# PSA MAC Masterclass in London



## labelslut (Oct 26, 2005)

The Daily Telegraph with MAC and the Royal Opera House will be having a MAC Masterclass on Thurs Nov 3rd at the Clore Studio at the Royal Opera House from 7.30 to 10.30. To book call 020 7304 4003 and quote 'Daily Telegraph Offer'-tix cost £50.

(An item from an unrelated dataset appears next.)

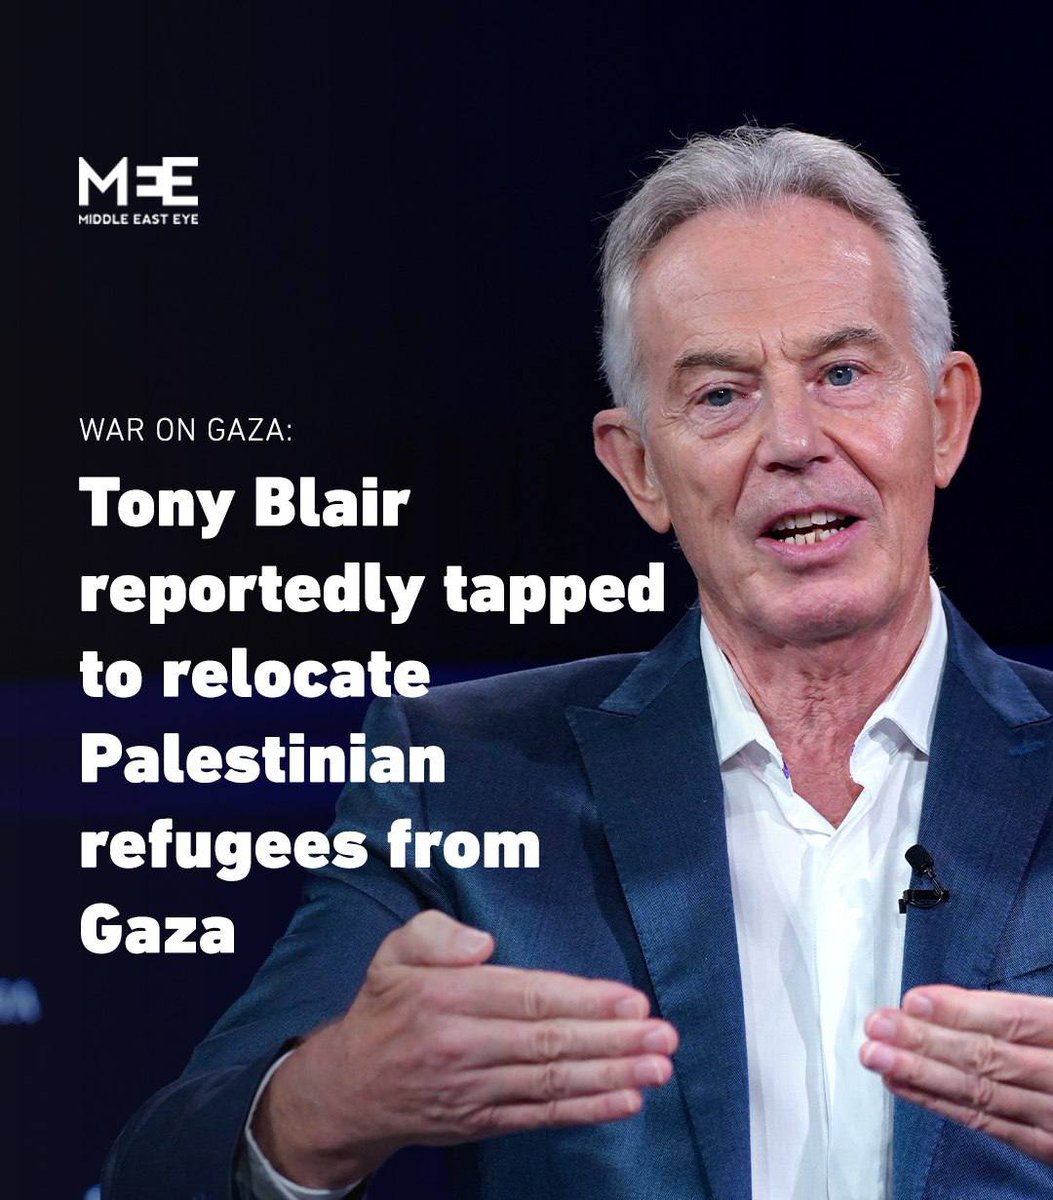 How about getting Israel out of Gaza and allowing Palestine to be a free state? There'd be fewer refugees if there were fewer war criminals like Blair and Netanyahu. #Israel #Palestine #Blair #WarCrimesbyIsreal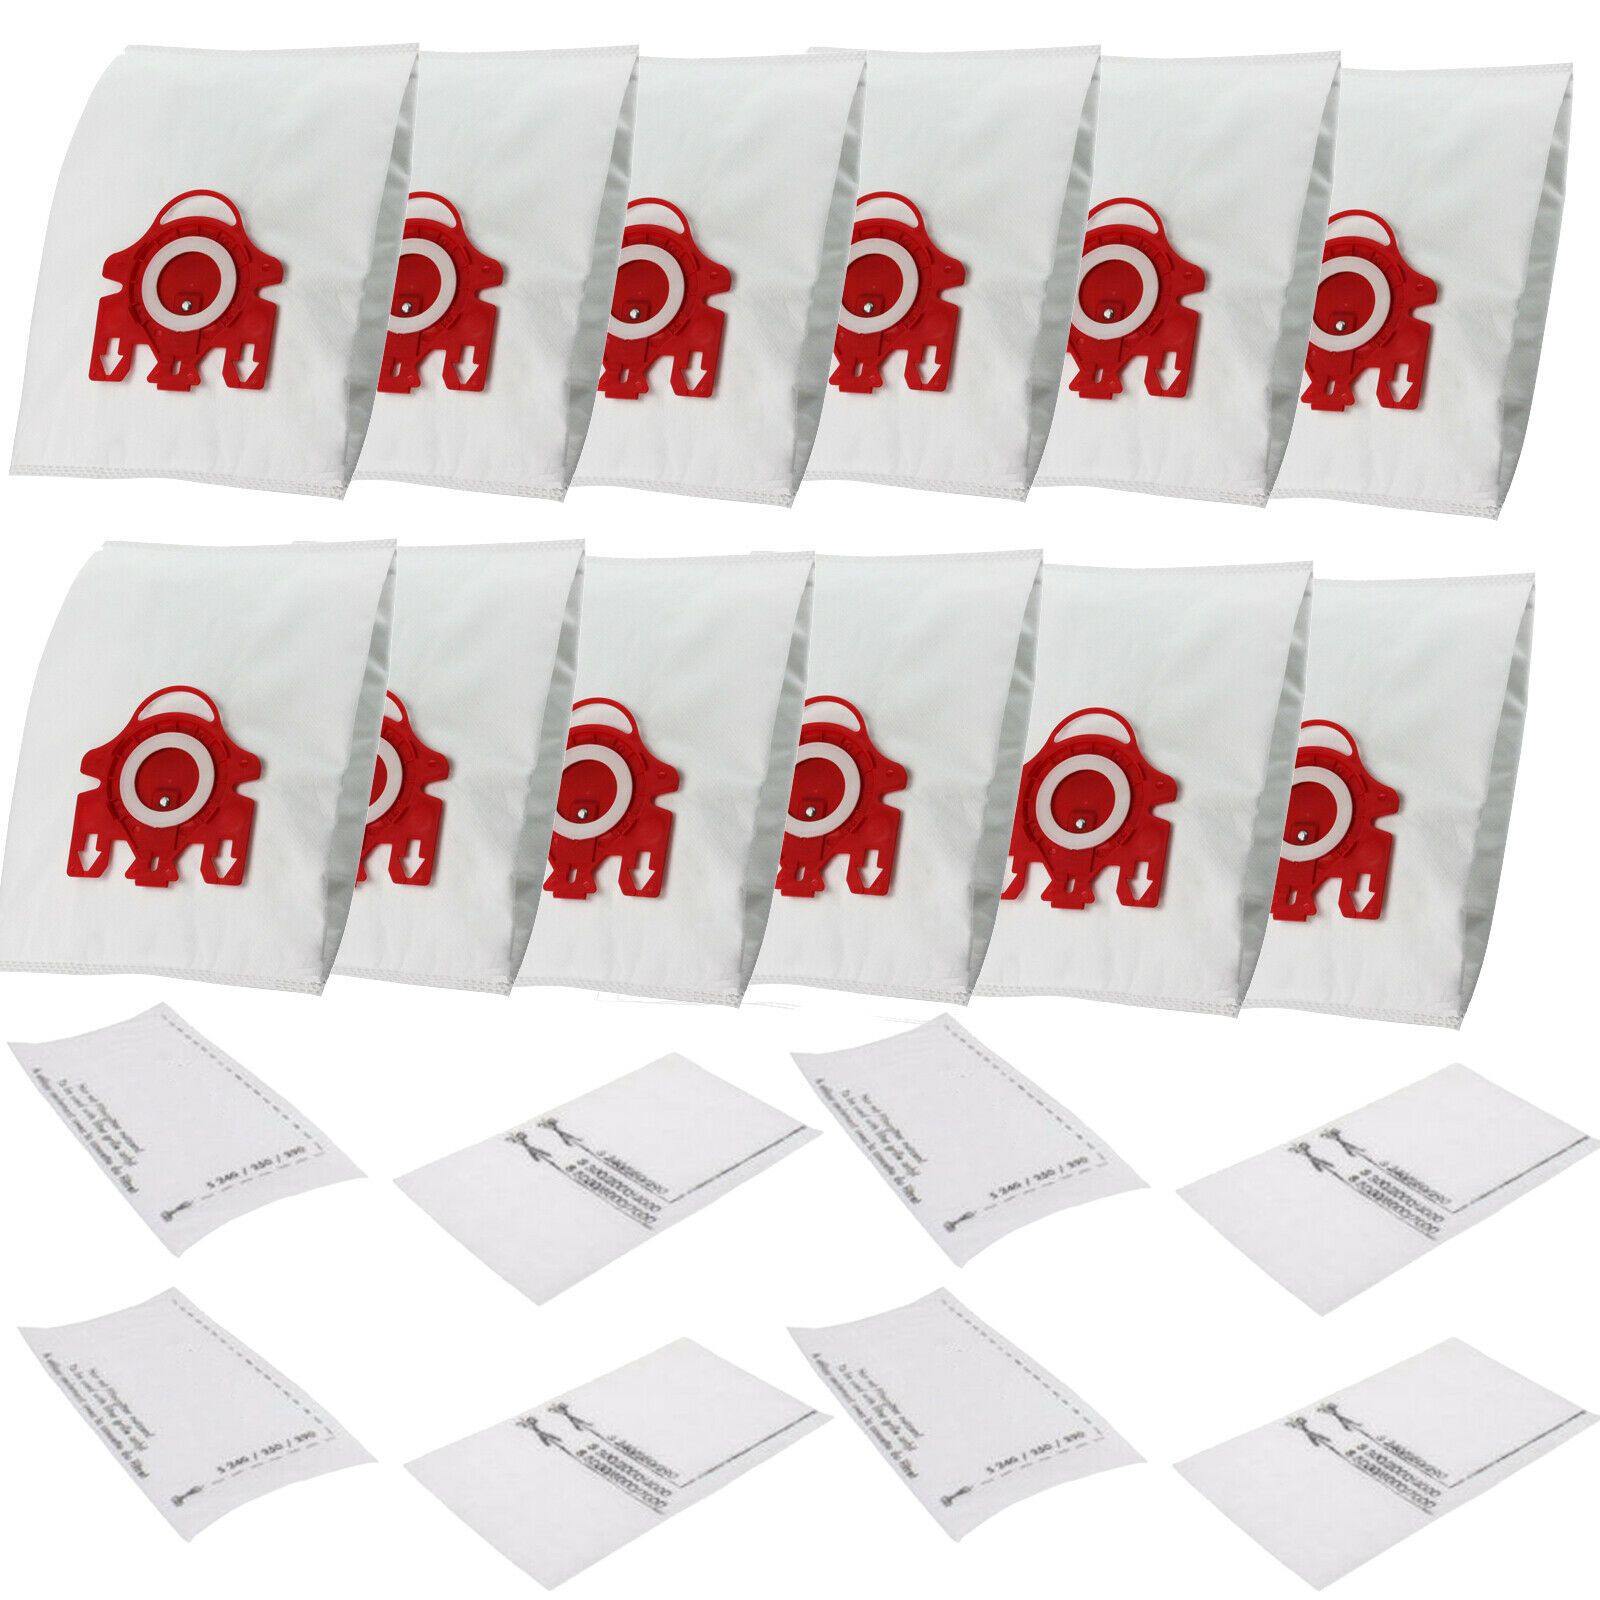 12 Dust Bags & 8 Filters For Miele FJM Vacuum Cleaner S300-S399 Hyclean 3D Type Sparesbarn

Btw, I do not work for any of those companies and this post is definitely for a public announcement only!


----------



## user4 (Oct 26, 2005)

Wish I was in London


----------



## Sarah (Oct 26, 2005)

Brilliant 
	

	
	
		
		

		
		
	


	




 Thanks for posting about it.


----------



## caffn8me (Oct 26, 2005)

Further details can be found online here


----------



## Bubbles12_98 (Oct 26, 2005)

How come there are never any classes in the US 
	

	
	
		
		

		
		
	


	




 or never any classes in San Antonio, Tx atleast


----------



## caffn8me (Oct 26, 2005)

There are loads of M·A·C masterclasses in the USA but you need to be a M·A·C PRO member to attend them.  There's a class on Spring/Summer 2006 Runway Trends in Dallas on 6th November which is the next event anywhere near you.  You can always get to a M·A·C store and have a makeover/lesson too


----------



## Monique0a (Oct 27, 2005)

Actually, they will let anyone attend them to my knowledge.  I have attended several at several different locations in my area and I was never asked whether I was a pro member.  As a matter of a fact, the last one I attended, I took my daughter as a birthday present (at her request), my mother went as well although she didn't sign up, she hung around for most of it, she had something else to do in the area, anyway, it was on Dragon Theatre...I wasn't aware of what that term meant.  They showed us how to successful change the face of a man to look (dramatically) like a female...my mother was thrilled...yes she was....she refuses to go near a MAC store again with me...*grin*.


----------